Enables a policy that applies FSDP to submodules of module.

backward_prefetch (optional)

  • BACKWARD_PRE

  • BACKWARD_POST

Configures explicit backward prefetching of all-gathers.

mixed_precision (optional)

  • param_dtype (torch.dtype)

  • recude_dtype (torch.dtype)

  • buffer_dtype (torch.dtype)

  • keep_low_precision_grads (bool)

  • cast_forward_inputs (bool)

  • cast_root_forward_inputs (bool)

Configures native mixed precision for FSDP.

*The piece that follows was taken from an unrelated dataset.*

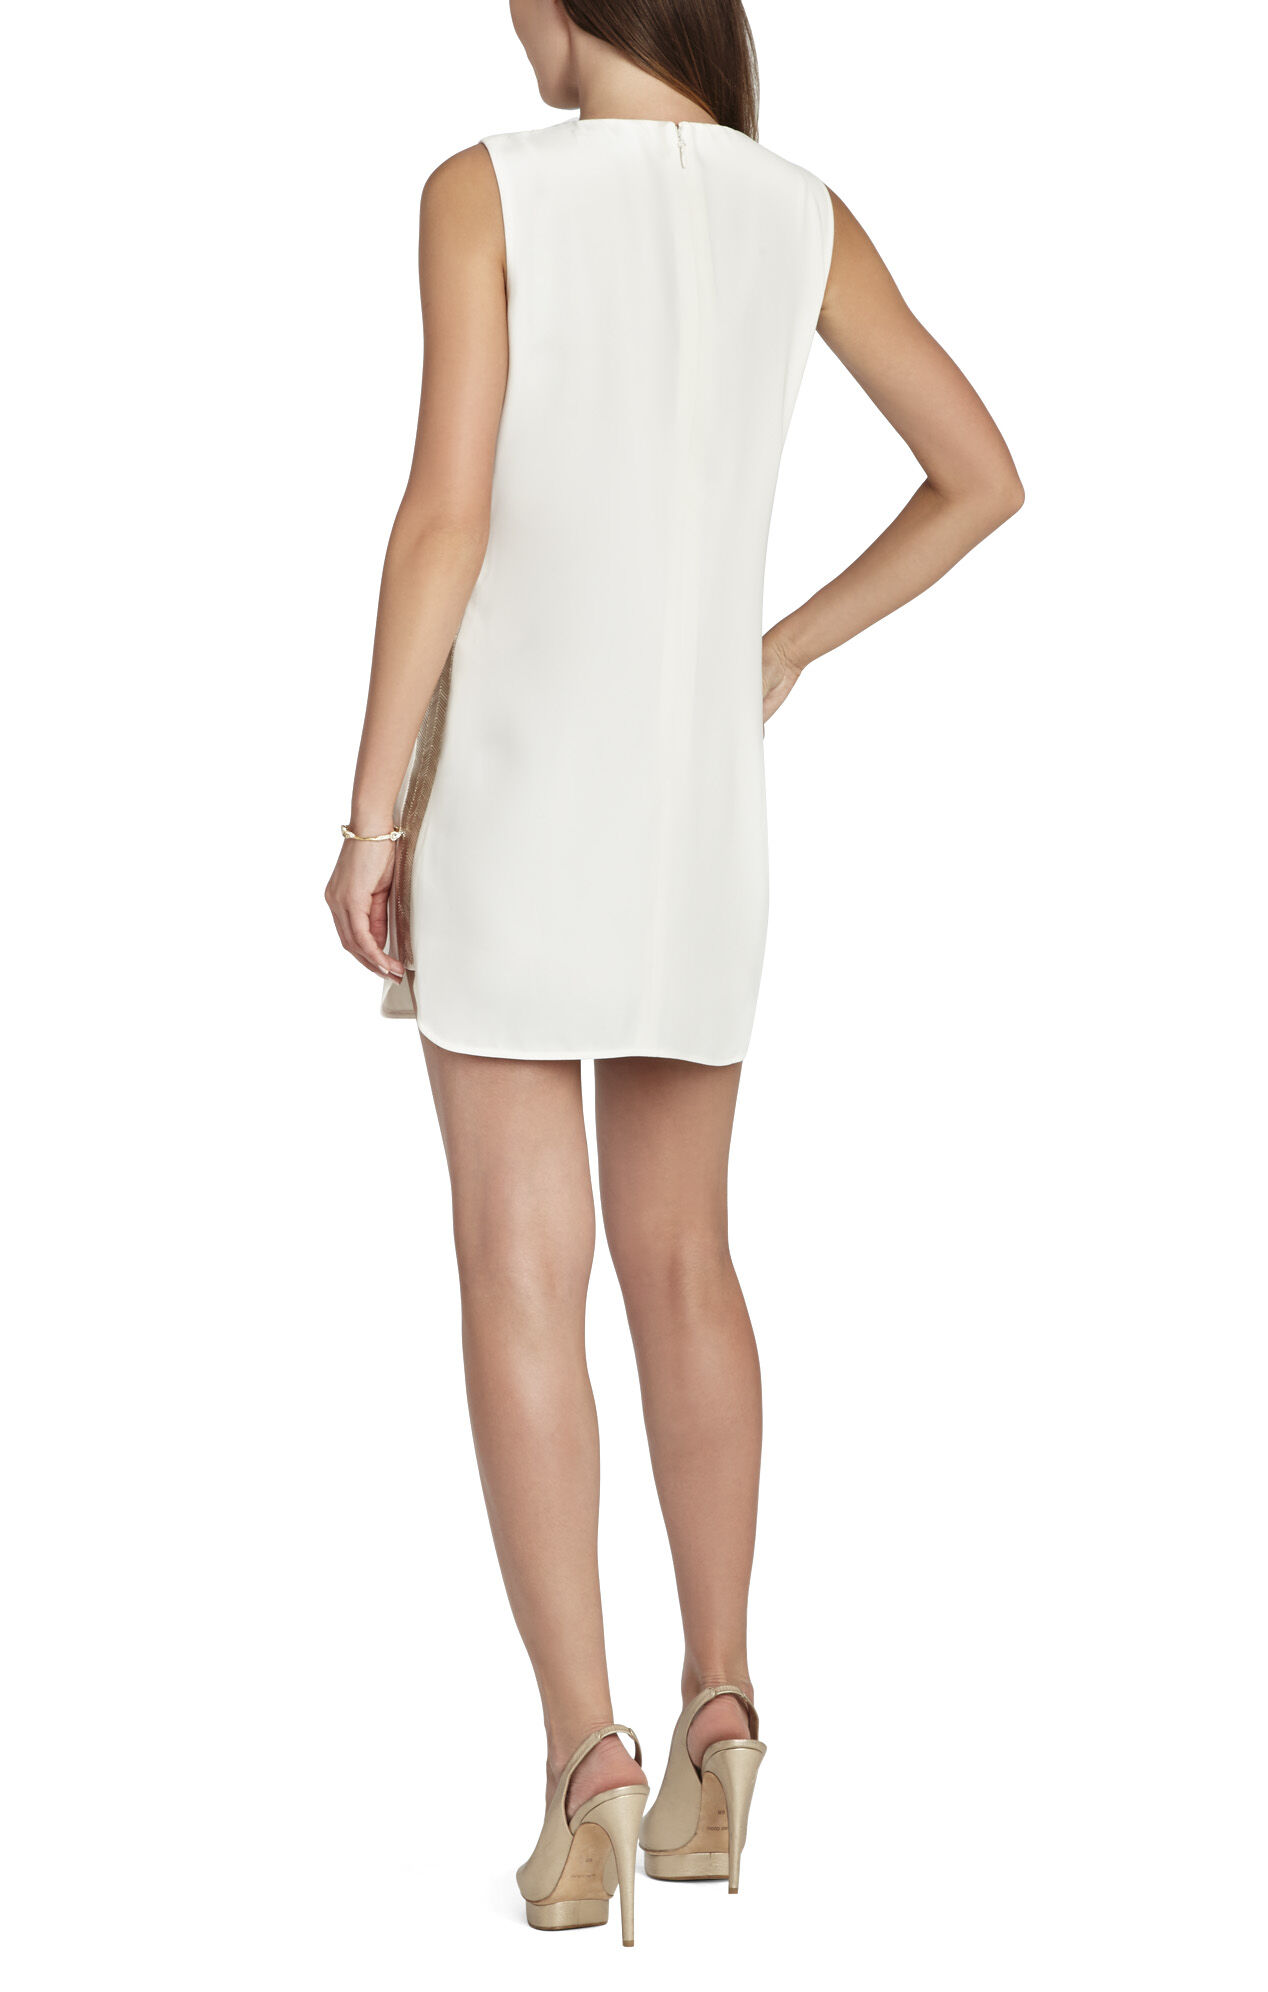 Onyx Beaded Side-Panel Dress

ignored_modules (optional)

N/A

Avoids sharding specific parameters at module granularity when using auto_wrap_policy.

param_init_fn (optional)

N/A

Specifies how meta device modules should be initialized onto an actual device.

device_id (optional)

N/A

An int or torch.device setting the device to run FSDP on.

sync_module_states

  • TRUE

  • FALSE

If True, each FSDP module broadcasts module parameters and buffers from rank 0 to ensure that they are replicated across ranks.

forward_prefetch

  • TRUE

  • FALSE

If True, FSDP prefetches the next forward-pass all_gather before the current forward computation.

limit_all_gathers

  • TRUE

  • FALSE

If True, FSDP synchronizes the CPU thread to ensure Gaudi memory usage from only two consecutive FSDP instances.

use_orig_params

  • TRUE

  • FALSE

If True, FSDP uses module’s original parameters.

ignored_states (optional)

N/A

Ignores parameters or modules that are not managed by the FSDP instance.

state_dict

  • FULL_STATE_DICT

  • LOCAL_STATE_DICT

  • SHARDED_STATE_DICT

Dictionary object that stores model’s parameters.

Activation checkpoint

N/A

Reduces memory consumption by trading off computation for memory.

For more details on the FSDP parameters and their usage, refer to PyTorch documentation.

Supported Models

For an example model using FSDP on Intel Gaudi, see LLaMA 2 70B.